La volière
D’abord un nain, clown jaune ayant passé une mauvaise nuit. Puis la promesse que clame un prospectus : « Pour devenir riche, vous n’avez qu’à savoir mon nom ! » Être riche, voilà qui permettrait à un traducteur convaincu de s’être trompé sur tout, sa femme en particulier, d’enfin devenir quelqu’un. Et d’écrire le livre dont il rêve depuis si longtemps. « Écrire. Devenir autre chose. Abandonner l’idée du passé. » Mais voilà, incapable de ne pas croire au désastre, « le traducteur ne se mettrait jamais vraiment à l’écriture de son roman tant qu’il ne saurait pas s’il était veuf ou séparé, cocu ou assassin, bourreau ou victime ».Roman de l’absurde, fable pour adulte à l’ère des travailleurs autonomes, le premier roman d’Annie Chrétien se déroule au rythme de l’angoisse fébrile d’un homme placé en état de siège par des hypothèses fumeuses et un travail qu’il ne comprend guère.

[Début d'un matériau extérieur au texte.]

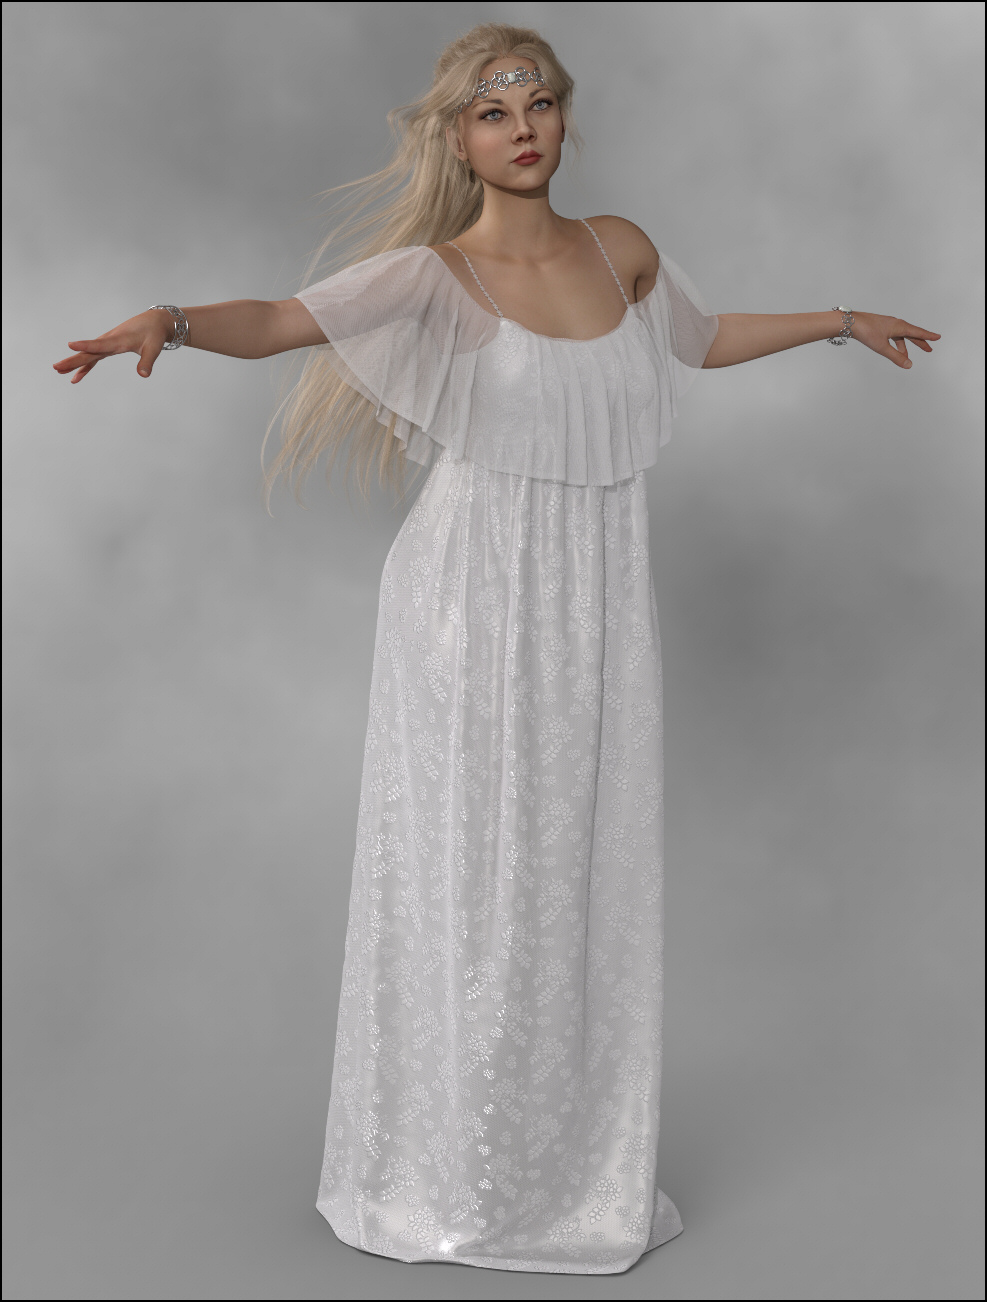 dForce -  Long Gypsy Dress for G8F by: Lully, 3D Models by Daz 3D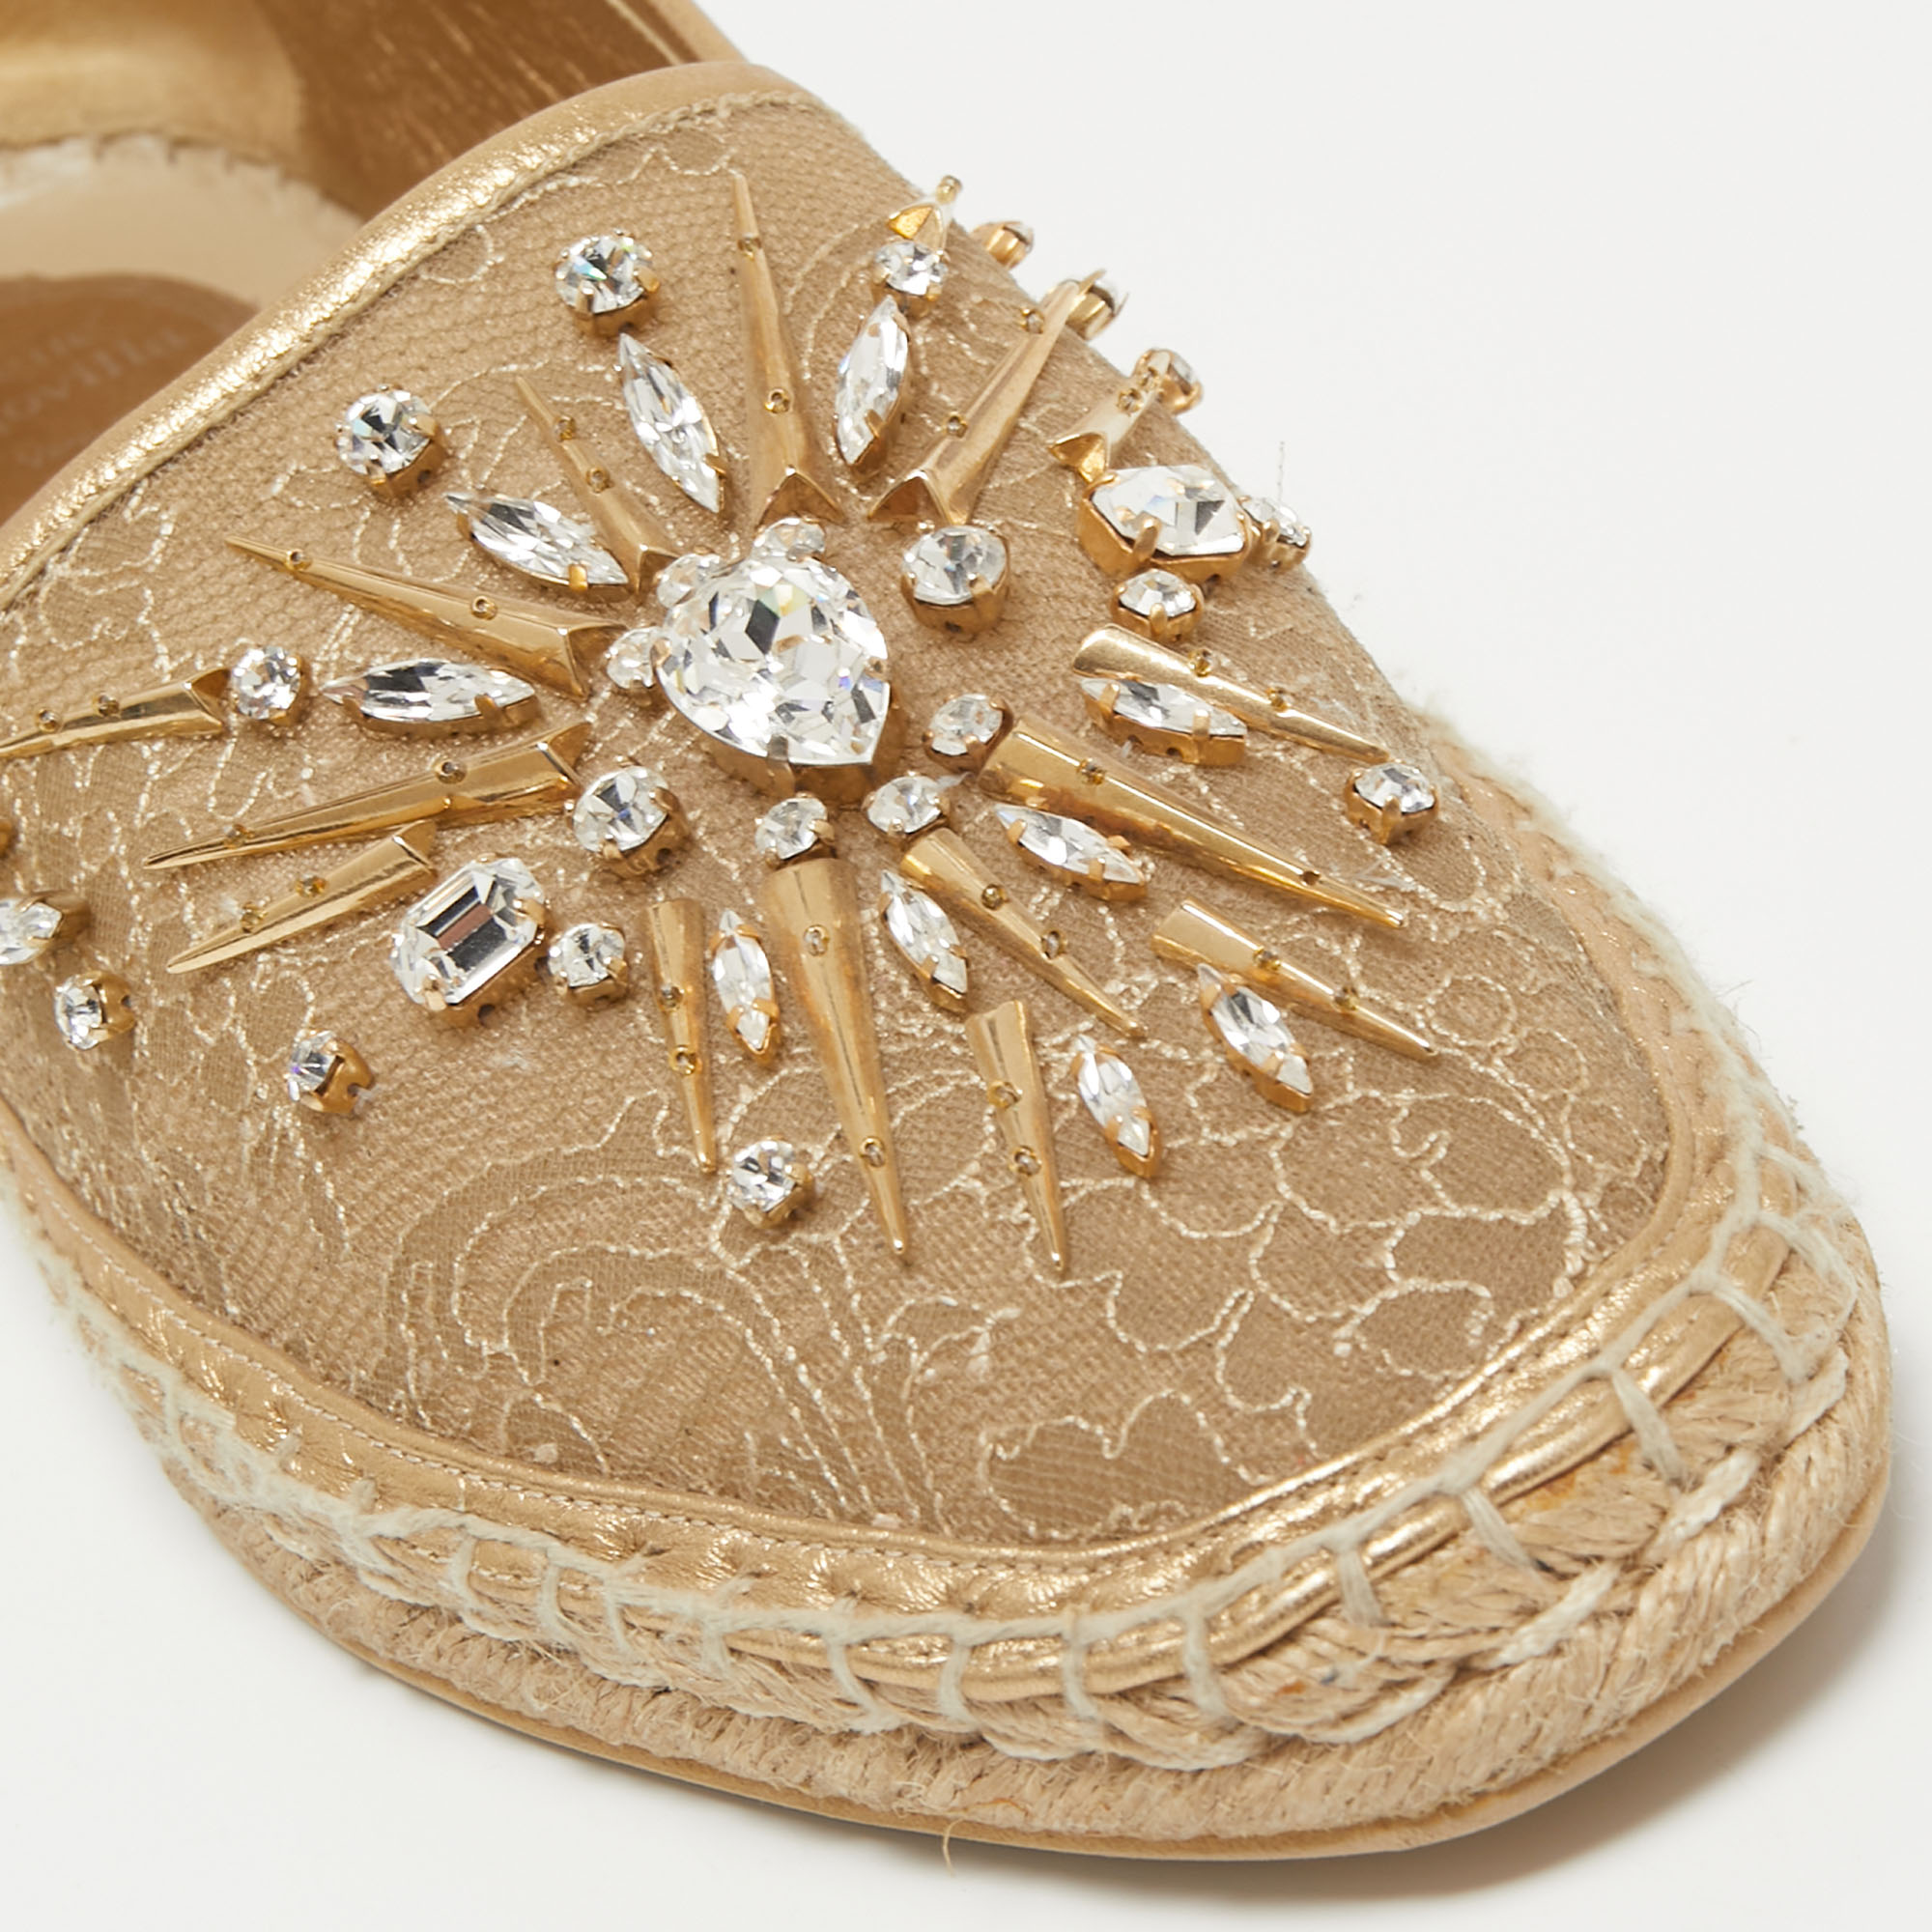 René Caovilla Metallic Gold Lace And Leather Crystal Embellished Espadrille Flats Size 40

Sa femme fumait-elle ? Comme le reste, elle était devenue une accoutumance ; le traducteur oubliait de se rendre compte de sa présence. Il lui parlait, l’embrassait, faisait bien pire encore, sans vraiment porter attention à elle. Absent. Craignant d’en être à sa toute première crise d’amnésie, il tira une bouffée avec méfiance. Aucun malaise, pas de nausée.